====== Source data ======

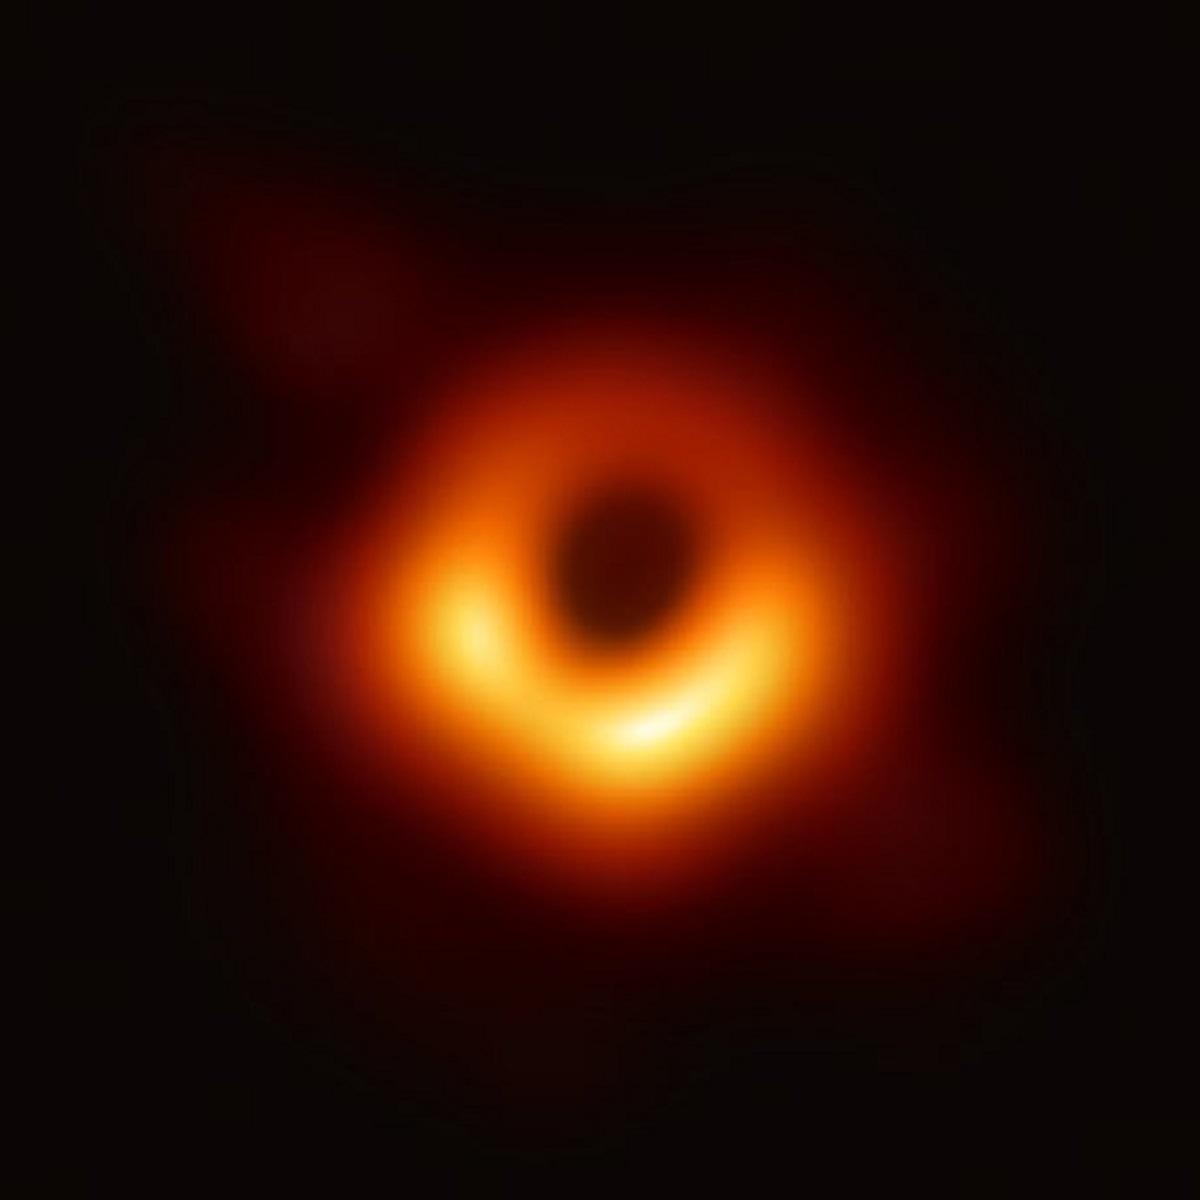 ブラックホール初撮影データの保存先に「クラウド」が選ばれなかった理由
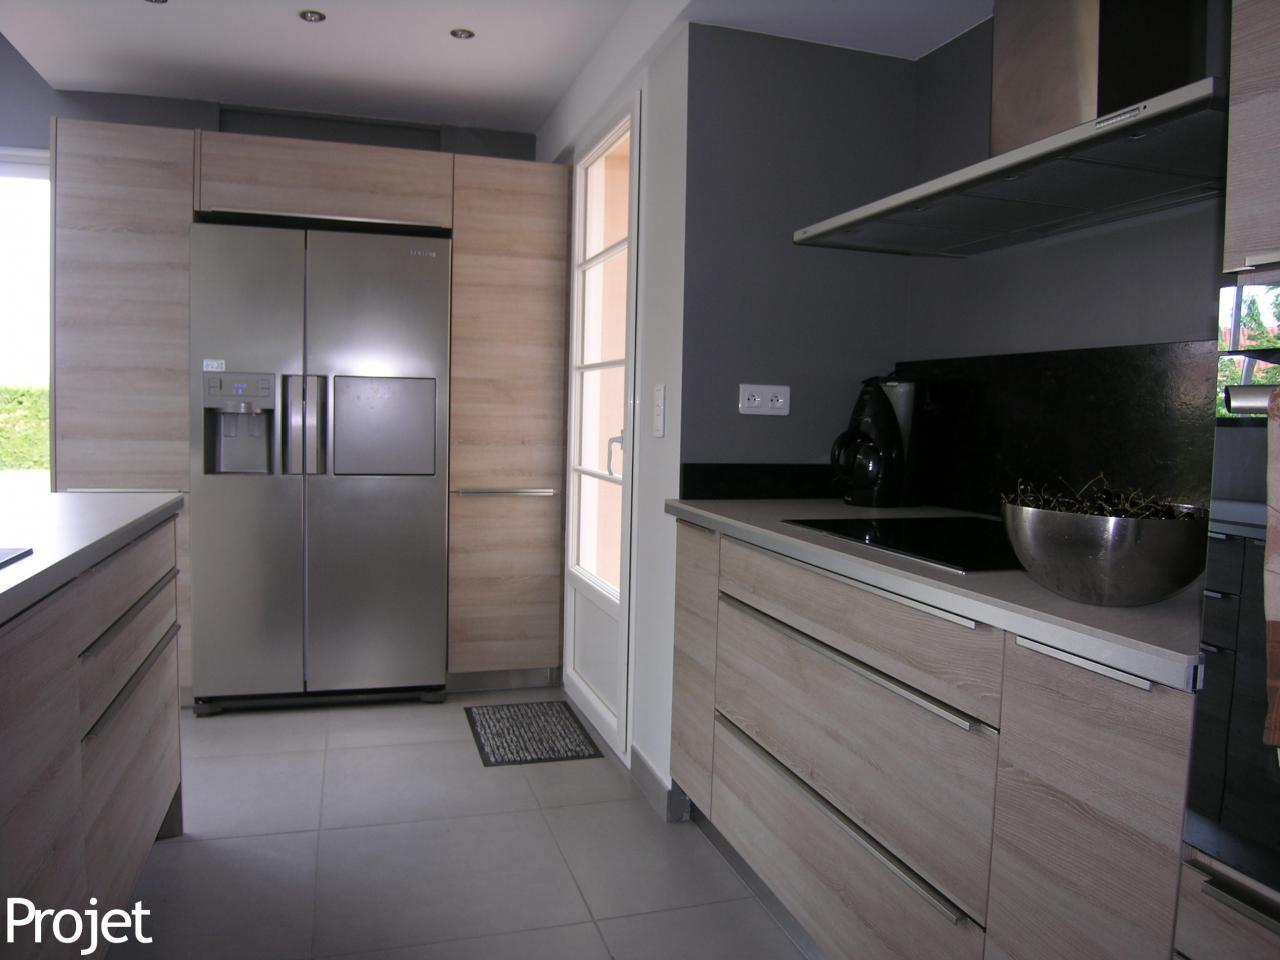 Projet cuisine finest confortable et invitante cette for Projet cuisine
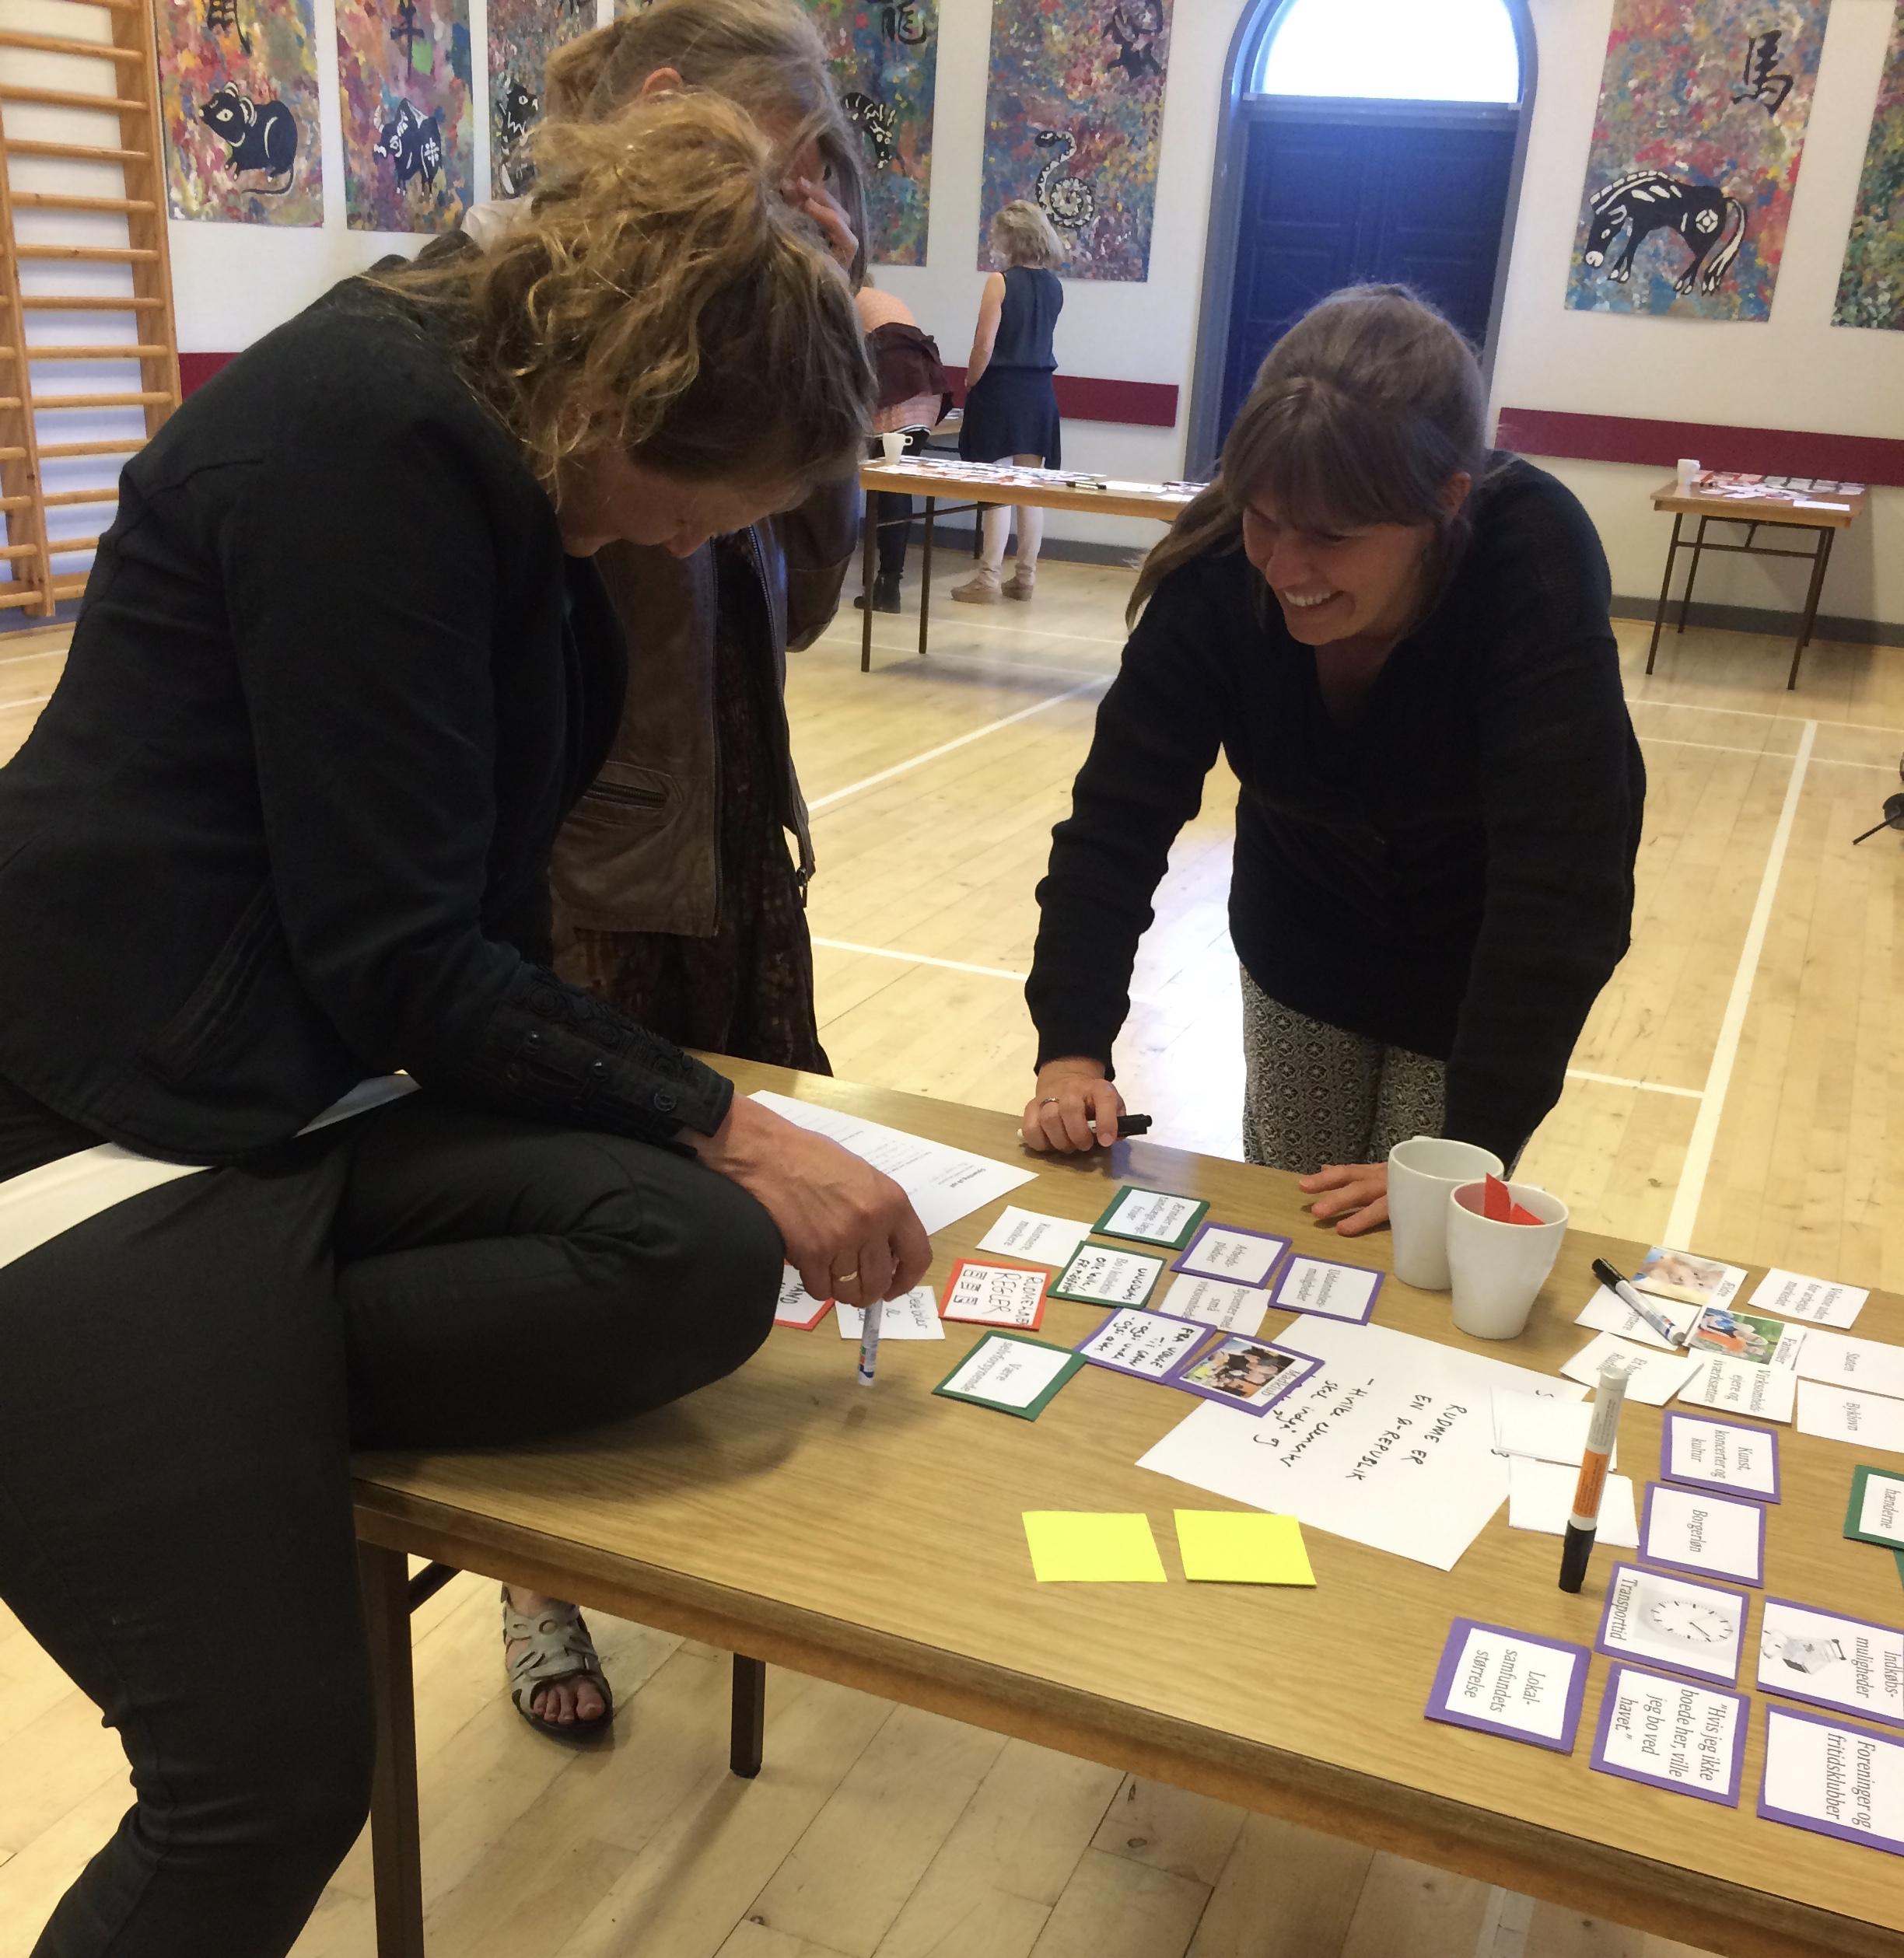 Case: Borgerinput til lokaludviklingsplan i Rudme ved hjælp af Tovejs' dialogspil til idéudvikling
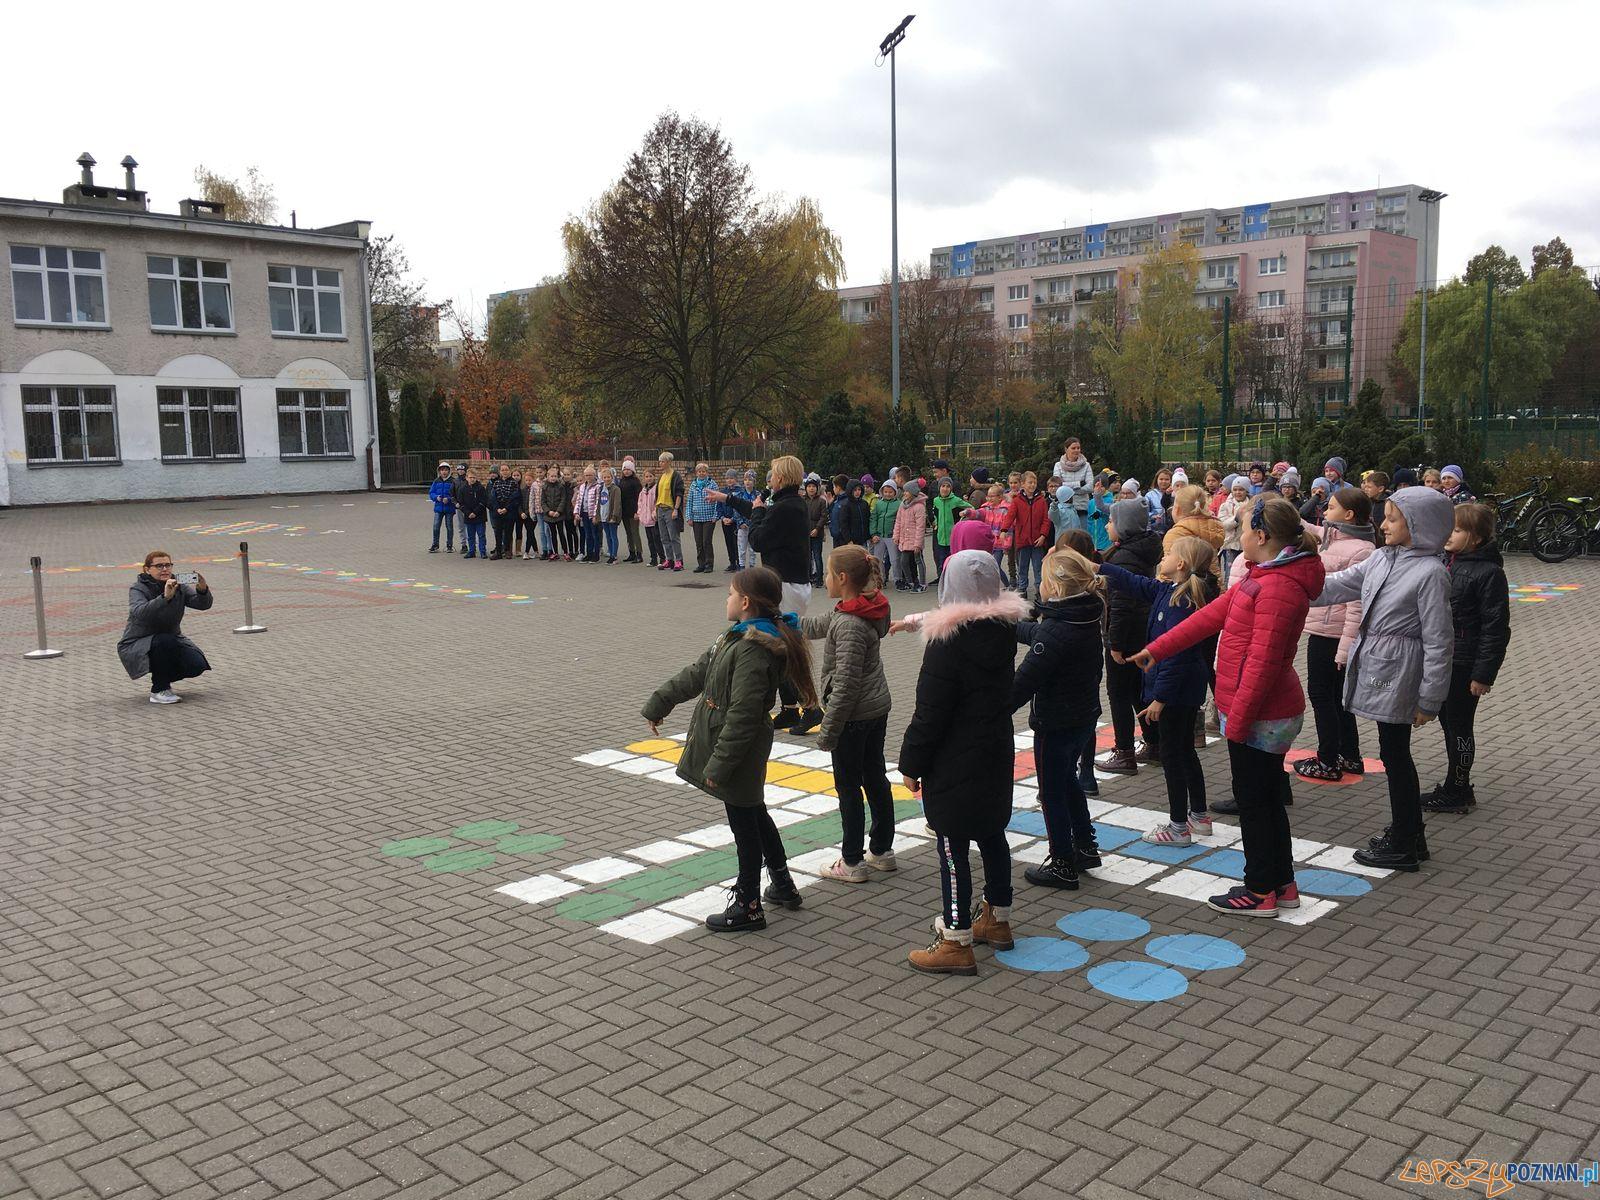 Piatkowo - plac zabaw dla dzieci (3)  Foto: Jacek Tomaszewski

======

**Exercise description:** Repeat the data above exactly, but not the pictures.

**Completed task:**
 ブラックホール初撮影データの保存先に「クラウド」が選ばれなかった理由
 Projet cuisine finest confortable et invitante cette for Projet cuisine
 Case: Borgerinput til lokaludviklingsplan i Rudme ved hjælp af Tovejs' dialogspil til idéudvikling
 Piatkowo - plac zabaw dla dzieci (3)  Foto: Jacek Tomaszewski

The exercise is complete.